POLICY STATEMENT / PURPOSE OF PROCEDURE
The purpose of this policy is to ensure compliance with the Payment Card Industry Data Security Standards (PCI DSS) at Missouri Valley College as a payment card accepting merchant.
MVC Employees are strictly prohibited from storing, charging, processing, copying, or otherwise transmitting any data related to debit or credit cards, unless it is within the following capacities:
- Using the self-service portal as the primary and preferred option for students and other stakeholders to make payments. The portal utilizes a PCI compliant gateway to process transactions.

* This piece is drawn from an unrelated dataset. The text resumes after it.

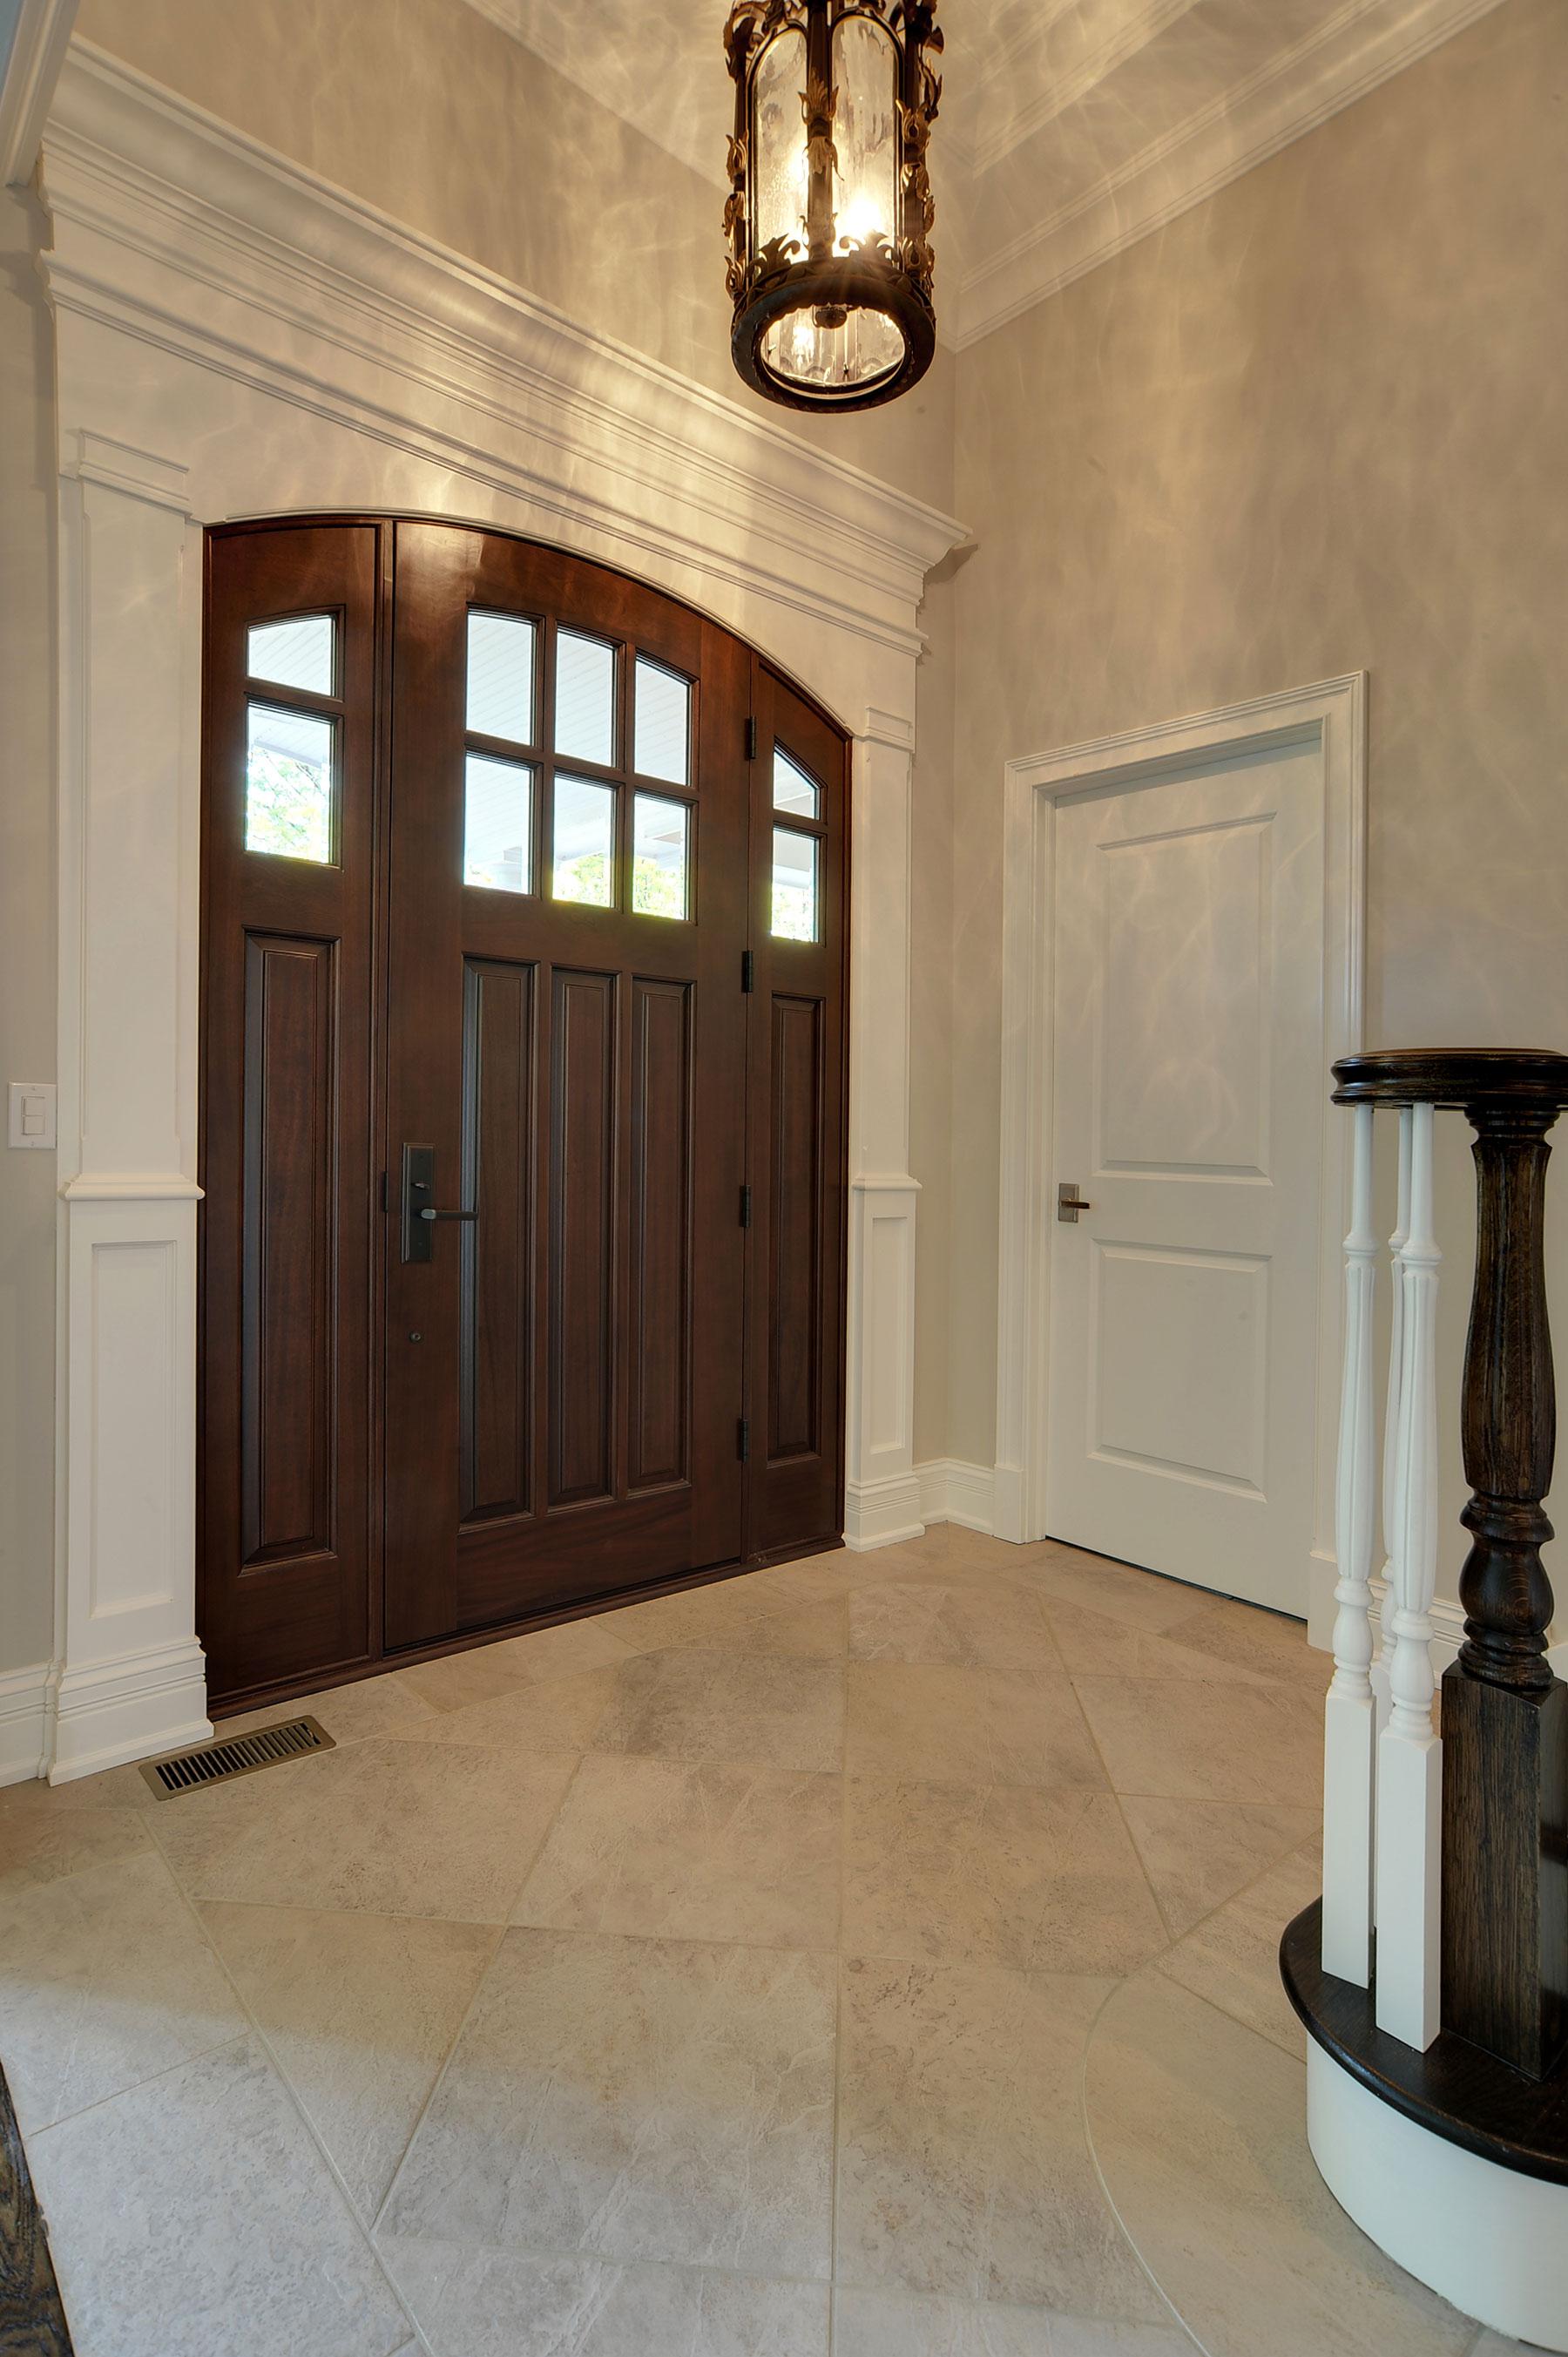 Solid Wood Front Entry Doors in-Stock | Classic Collection Solid Wood Front Entry Door DB-112WA 2SL - Glenview Doors - Custom Doors in Chicago

- When absolutely necessary to take payments over the phone, the employee must be using the IP phone assigned to them by ITS, disable any call recordings, and fully process the transaction while the customer is still on the line. Employees must not process transactions using a cell phone, or take note of card information to process at a later time.
- Employees must only process transactions using a secure environment. This is limited to SSL/TLS encrypted self-service applications, or secure PCI compliant terminals.

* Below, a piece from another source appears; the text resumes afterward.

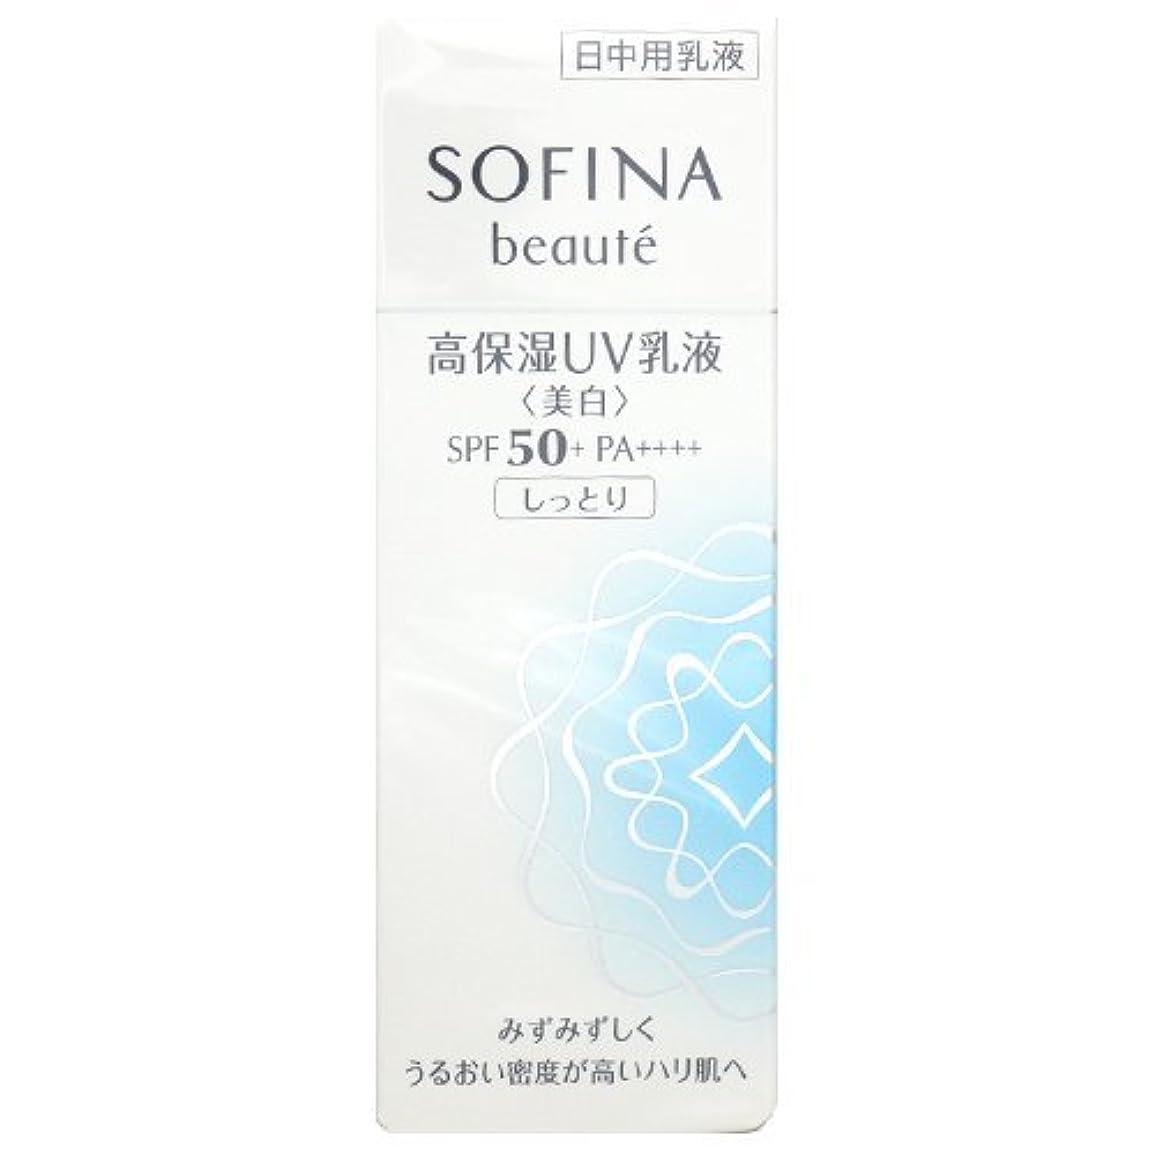 バズ健康的せせらぎ花王 ソフィーナ ボーテ SOFINA beaute 高保湿UV乳液 美白 SPF50+ PA++++ しっとり 30g [並行輸入品]

Employees must reject credit/debit card numbers sent to them via email, text message, or any other digital form of communication. Likewise, paperforms containing card holder or payment card data are to be rejected.
Data Access (PCI 7.1.2):
Employee access to data will be strictly restricted to the minimum data elements required to fulfill their job duties. Requests for escalating data access will be reviewed by the employee’s direct supervisor and the Information Technology Services department. Unreasonable or unnecessary requests will be denied.
Business continuity and Backup procedures:
MVC does not store payment card data on any of its servers. All PCI related information is stored in cloud servers provided by our PCI compliant payment gateway. Their PCI compliance is reviewed annually by ITS. All other college systems are backed up daily (full) and hourly (differential ) depending on the critical nature of each system. Back ups are stored in secure on and off-site locations.

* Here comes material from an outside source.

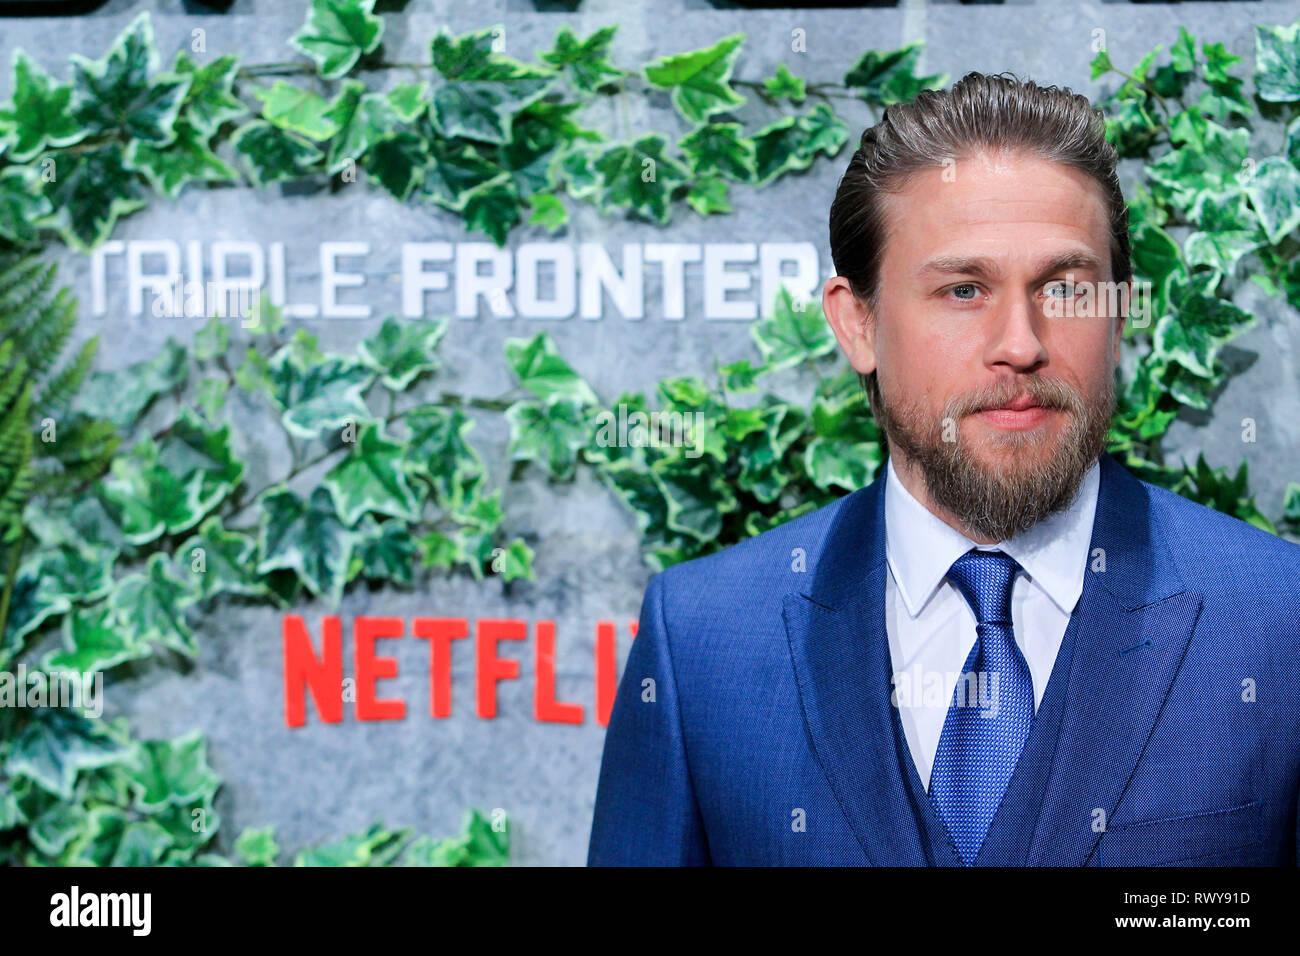 Charlie Hunnam bei der Premiere des Netflix Movie 'Triple Frontera/Triple Frontier' bei Cine Callao. Madrid, 06.03.2019 | Verwendung weltweit Stockbild

Two Factor Authentication:
Staff members are required to have two-factor authentication enabled on their MVC accounts. Two-factor authentication is also required for their accounts on our payment processing portal (Braintree).
Employee Account Termination:
Staff members that process credit card transactions will have their access to payment systems revoked at midnight of the termination date set forth by their supervisor. They will retain access to email according to The College’s account deletion policy.
Data breaches and compromised accounts:
If a data breach occurs, ITS will notify all involved parties upon detailed analysis of the incident. Depending on the scope of the breach, ITS will conduct an investigation and will collaborate with the appropriate authorities in accordance with State and Federal Laws.
Vendors operating on the Missouri Valley College campus are responsible to process transactions using a PCI compliant gateway, PCI Compliant hardware, or partner with MVC to utilize the College’s secure payment gateway system.
Violation of this policy, other concerns, and unforeseen incidents will be investigated by Information Technology Services. Appropriate action will be determined in collaboration with the College’s leadership team.
This policy will be reviewed by the President’s Cabinet annually.